Dataset excerpts:
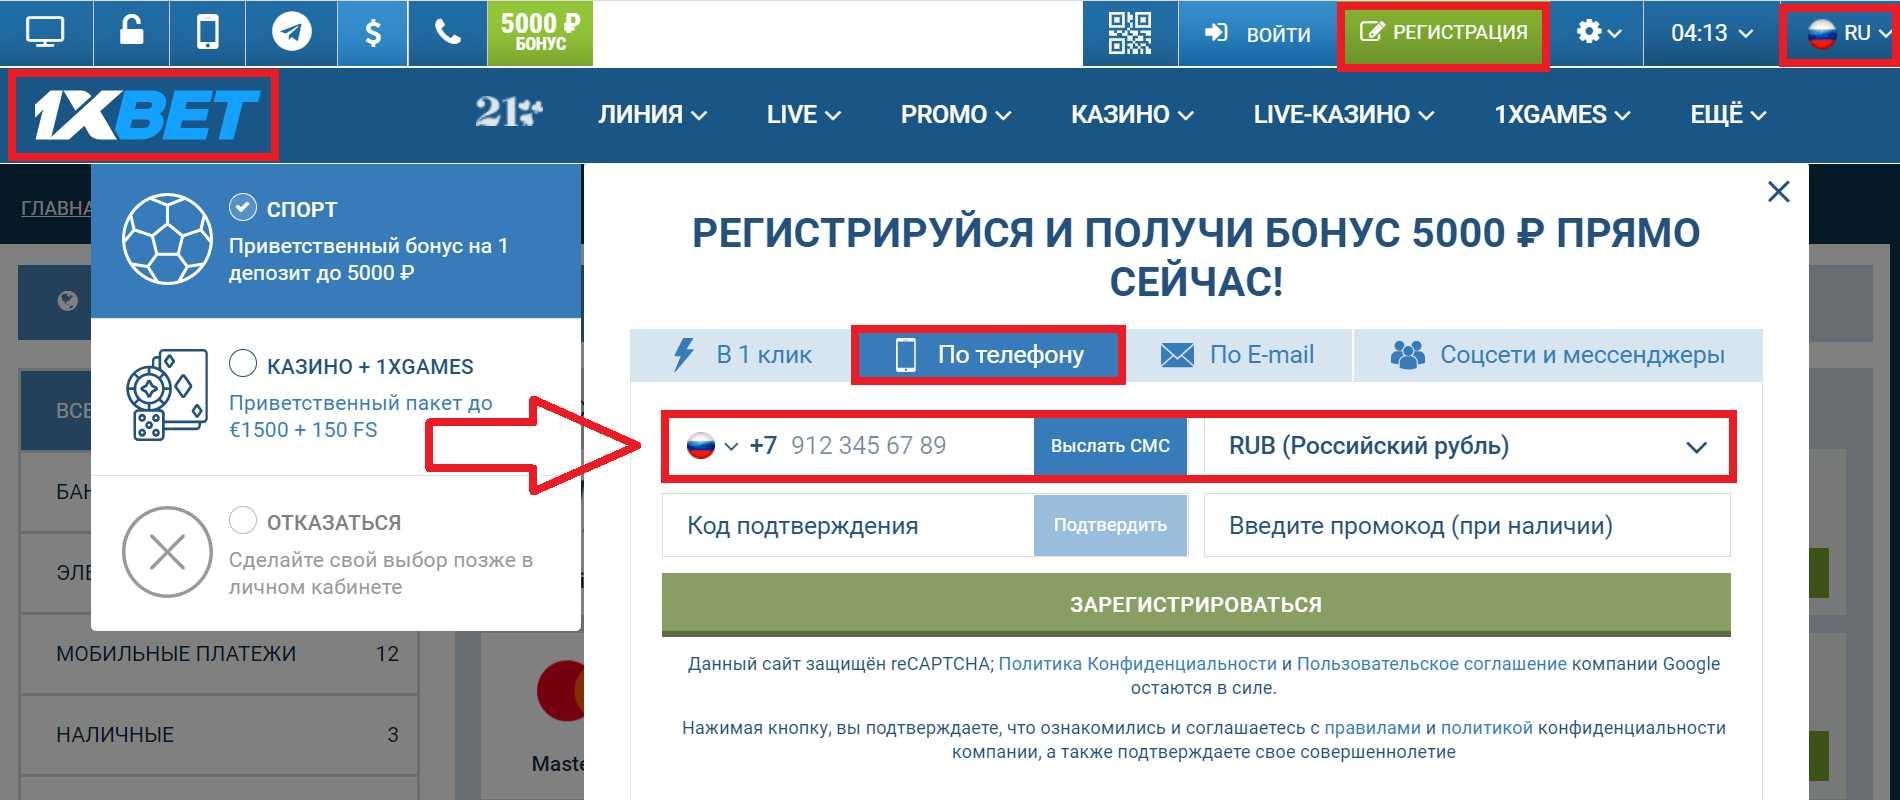 Регистрация в букмекерской компании 1хБет по номеру телефона
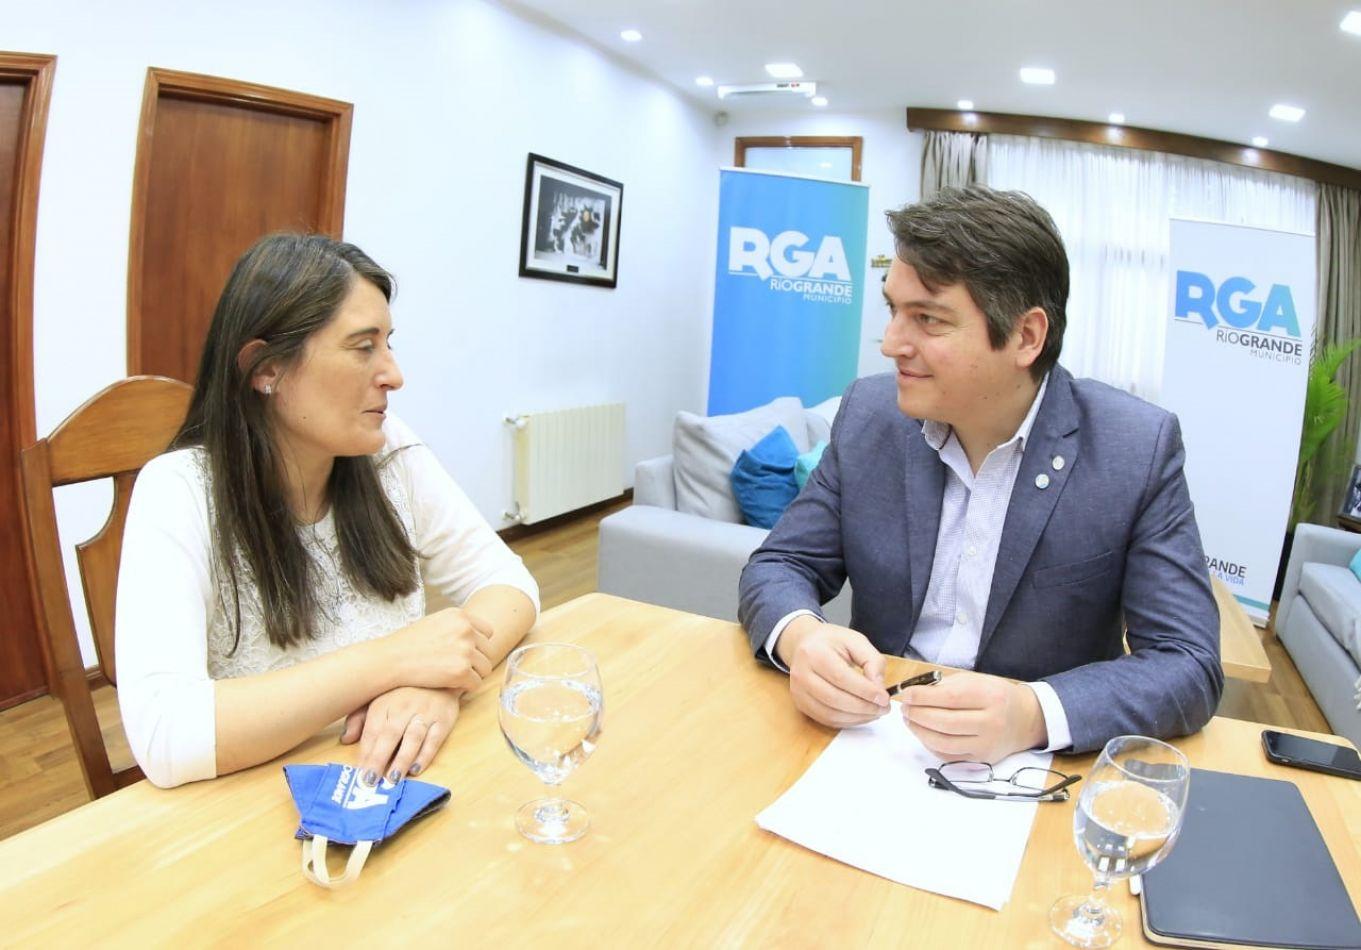 El Intendente tomó la decisión de designar a cargo de la Secretaría a la Dra. María Eugenia Cóccaro
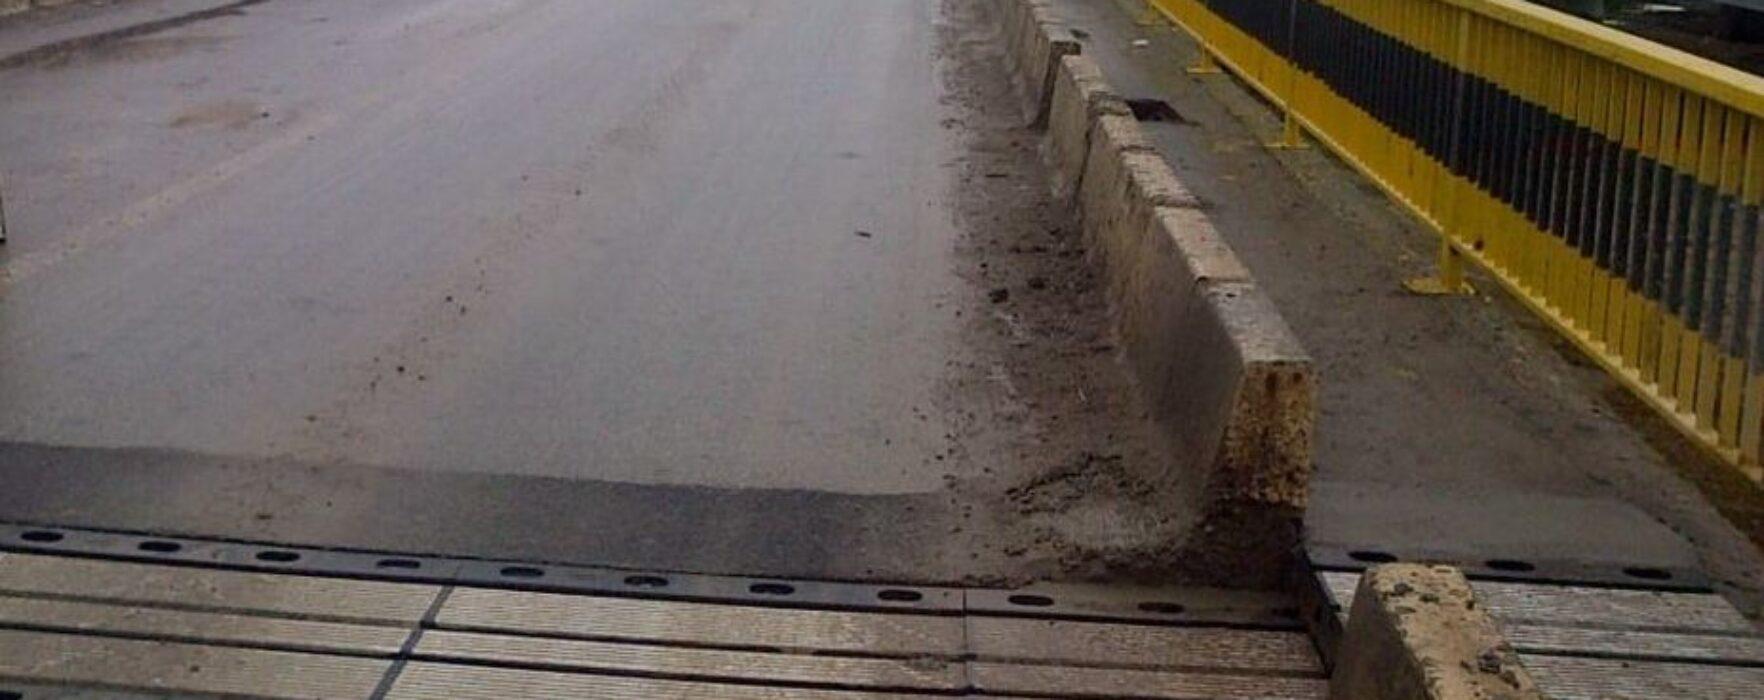 Podul peste Ialomiţa de la Pucioasa este avariat şi necesită reparaţii
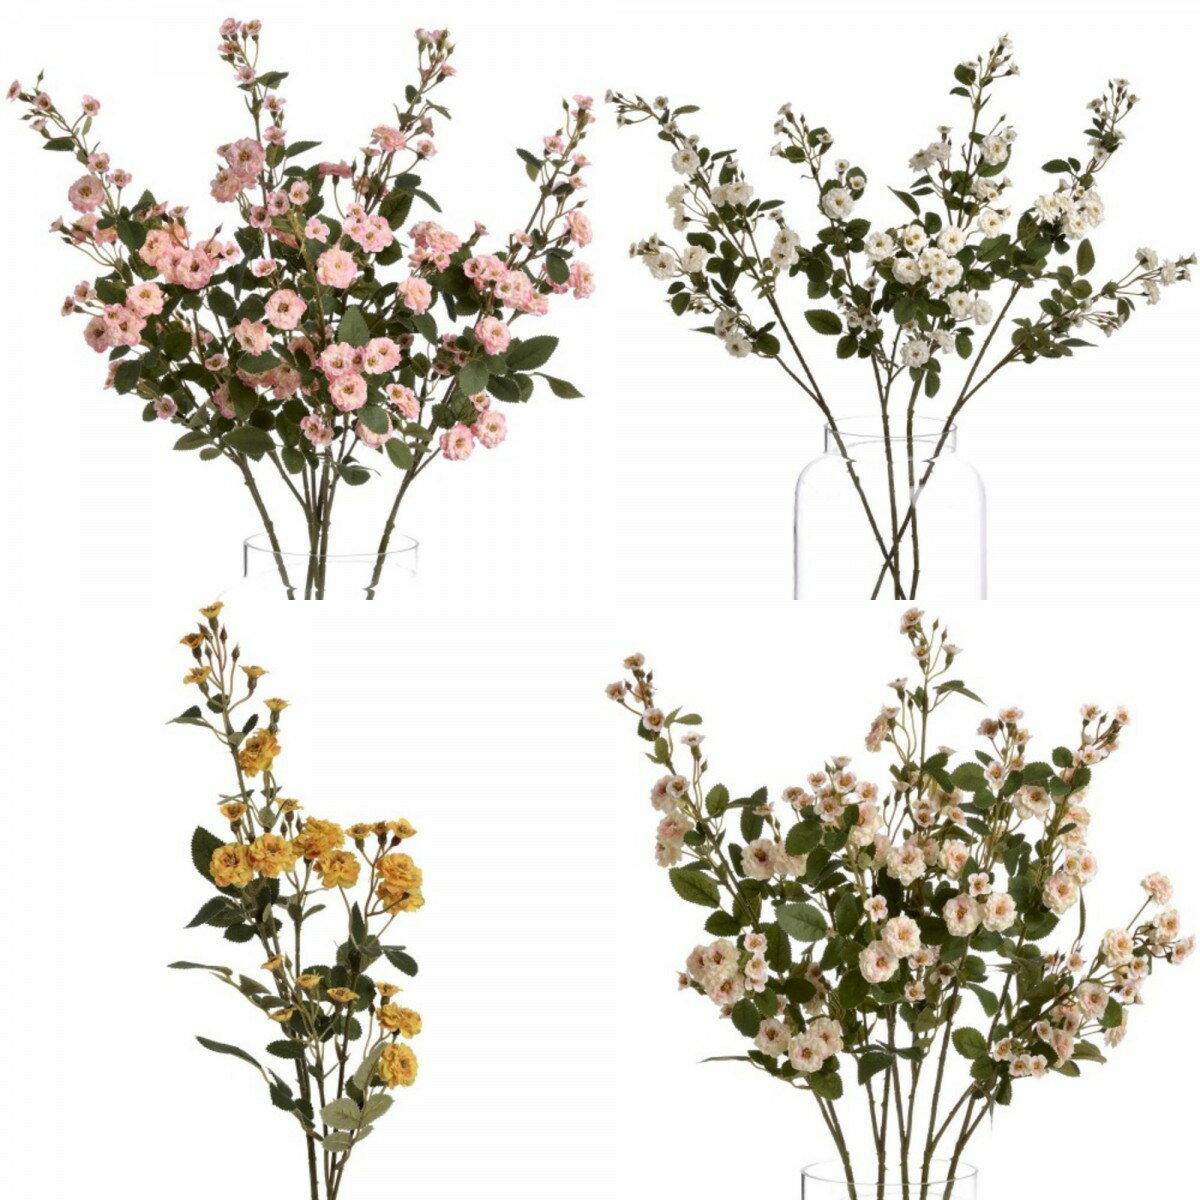 (ヒル・インテリアズ) Hill Interiors ワイルドメドウローズ アーティフィシャルフラワー 造花 インテリア雑貨 【楽天海外直送】
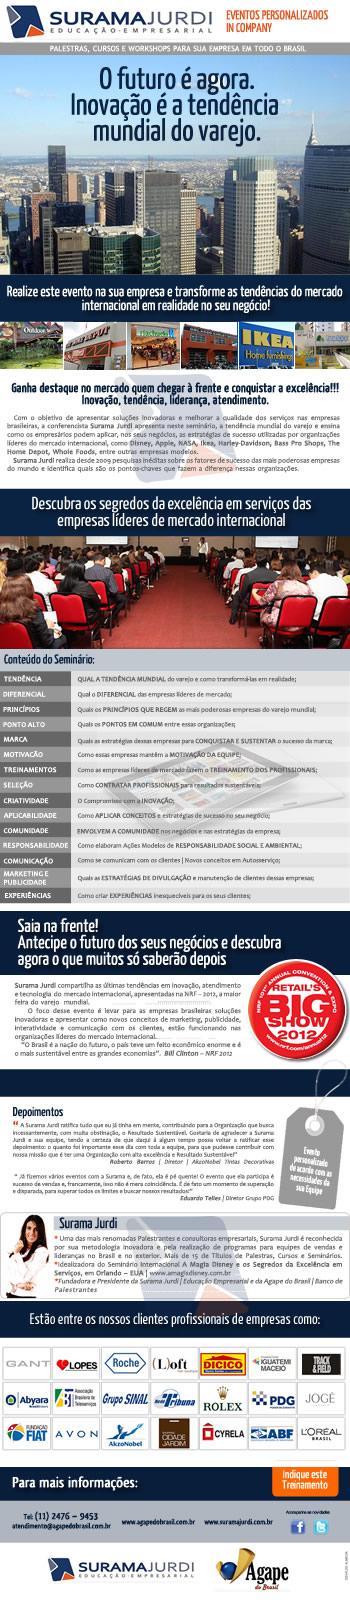 E-mail marketing para Surama Jurdi criado por Osvaldo Almeida Designer gráfico freelancer

● **WHAT TO DO**: When the line containing "Podul peste Ialomiţa" is reached, write out that line and each one after it exactly, ending with the last line of the records; pictures are not copied.

● **FINISHED EXERCISE**:
 Podul peste Ialomiţa de la Pucioasa este avariat şi necesită reparaţii
 (ヒル・インテリアズ) Hill Interiors ワイルドメドウローズ アーティフィシャルフラワー 造花 インテリア雑貨 【楽天海外直送】
 E-mail marketing para Surama Jurdi criado por Osvaldo Almeida Designer gráfico freelancer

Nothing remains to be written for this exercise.